I loved--LOVED--this novel.
Furthermore, it's one that Zeb saw in a bookstore, picked up and brought over to me, saying, "This looks like something you would enjoy." And that is a wonderful feeling, that idea that somebody knows you well enough to know what books you would like, that somebody gets you that way. That somebody is paying attention.
All that aside, however, Zeb was totally right.
I read all the Sherlock Holmes stories when I was a youngster, and loved them, and then reread them as a teenager, and loved them again, and then reread them as an adult, and--you guessed it--still loved them. And I enjoy general Sherlockania, and even the films from Basil Rathbone to Jeremy Brett and even Robert Downey Jr, which I forgive its liberties because of the sheer rollicking good fun. Also, the Steven Moffat
Sherlock on the BBC is one of my favorite things EVER. It's a modern adaptation for people who love the original.
But, I digress. The point is, I love Sherlock Holmes, and have for years.
That is possibly a setup for hating a book such as this (people hate when their passions are mucked about with), which is not about Holmes, exactly, but rather about people who love him--the titular Sherlockians, whose devotion to Holmes varies from excited fandom to manic devotion. When one of them--who claimed to have located the lost diary of Conan Doyle, the one from the time period in which he killed Holmes off in the Reichenbach Falls--turns up dead, strangled with his shoelace, then Harold, an intrepid Sherlockian and newly-inducted Baker Street Irregular, decides to solve the mystery, employing Holmes's methods to try to locate both the murderer and the diary.
But the book is also about Arthur Conan Doyle, who did seem to hate his own creation, and his frustrated yet inescapable tie to Holmes. Doyle gets wrapped up in a mystery and drafts his friend Bram (Stoker, which also delighted me to no end) to serve as his Watson to investigate the arrival of a letter bomb and the related murder of three young women. And it's marvelous to be alongside him as he tries to put all his fictional theories into practice.

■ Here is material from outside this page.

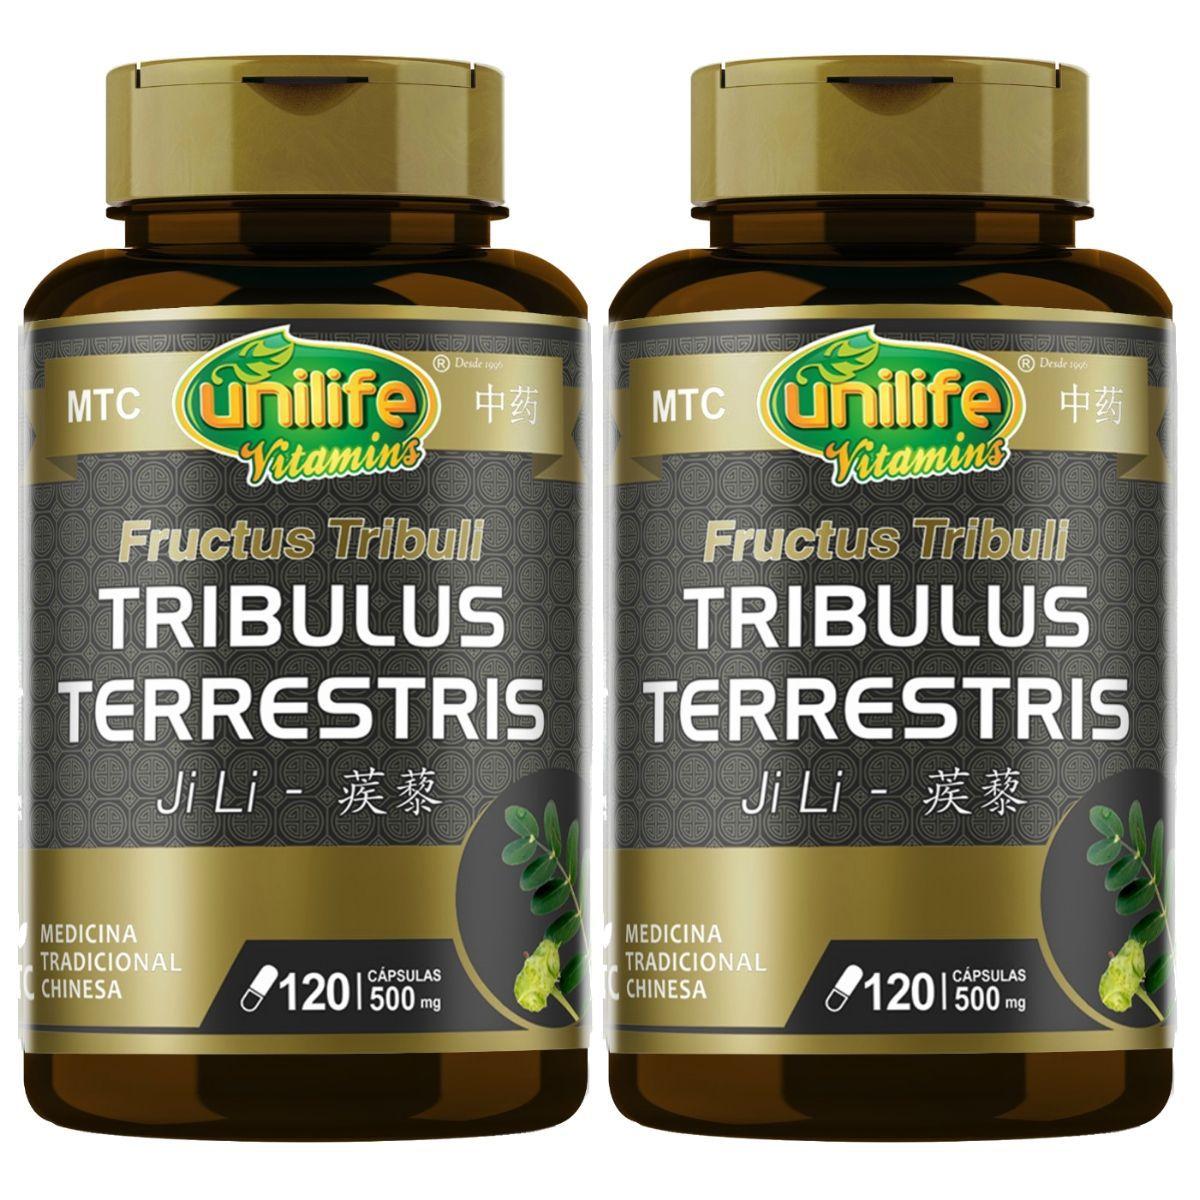 Kit 2 Tribulus Terrestris MTC 500mg 120 Cápsulas - Unilife

This IS a work of historical fiction, but it's based in reality, which makes it even more exciting in a way. And it's a marvelous mystery--two of them, really, as we watch both Harold and Doyle try to find the solution and then, once they do, wonder
what now?And the final chapter, a mostly-aside about the completion of replacing London's gas lamps with electric light, and they way it drives back the fog... it's beautiful, and melancholy, and so vividly encapsulates the passing of one era into another.
I highly recommend this novel, and can't wait for Moore to write another.